Introduction

The number and proportion of older people are increasing, with the fastest growing age group being people aged 80 years or older. By 2050, this age group will comprise 20% of the older population, having increased threefold [1]. In higher age the prevalence of dementia and other age-related diseases increase. Gait speed deteriorates with age, and a slower gait speed is associated with numerous negative health consequences, e.g. increased dependence in activities of daily living (ADL) [2], falls [2], dementia [3], and mortality [4]. Subsequently, much research has focused on investigating factors associated with gait speed to support development of effective prevention and rehabilitation [5].

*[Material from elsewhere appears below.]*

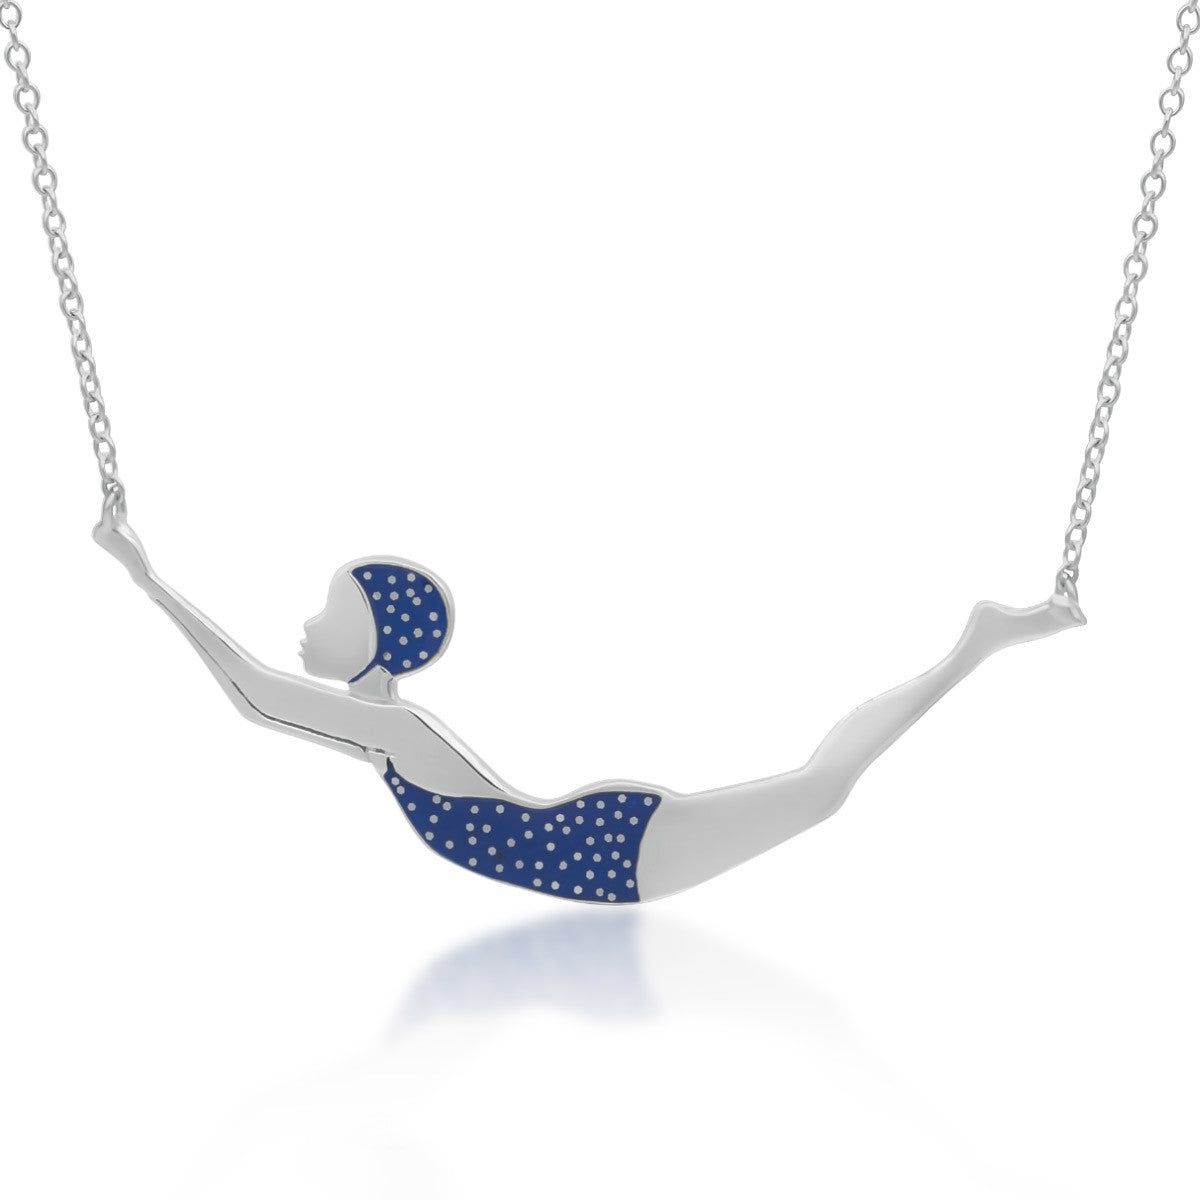 swimmer necklace in sterling silver with blue enamel and silver dots

Gait is a complex task dependent on the interplay between multiple systems including cognition [4]. Previous studies have found a positive association between gait and cognition [6, 7] with a slower gait speed associated with a decline in cognitive function [8]. However, amongst very old people, including those with dementia, and those living in nursing homes, evidence is limited because studies are few and small [7], despite gait and cognitive dysfunction being more common [9] and severe [10, 11] in these groups. Furthermore, the use of walking aids is more common among people of higher age [12]. Walking aids improve gait by alleviating pain or compensating for deficits in balance [13] and may thus lower the cognitive challenge of the motor task and increase gait speed [14]. Conversely, during more challenging motor tasks requiring greater maneuvering of the walking aid, it may increase the cognitive challenge, thus lowering gait speed [15]. In addition, the occurrence of multimorbidity (having at least two chronic diseases) increases with age [16]. Many medical conditions are associated with both gait and cognition, and it therefore seems important to investigate if the association remains when potential confounders are adjusted for. Finally, a relevant proportion of the older population have impaired mobility [17]. This may lead to difficulties performing gait speed tests according to protocol resulting in missing values, and compromising the generalizability of results.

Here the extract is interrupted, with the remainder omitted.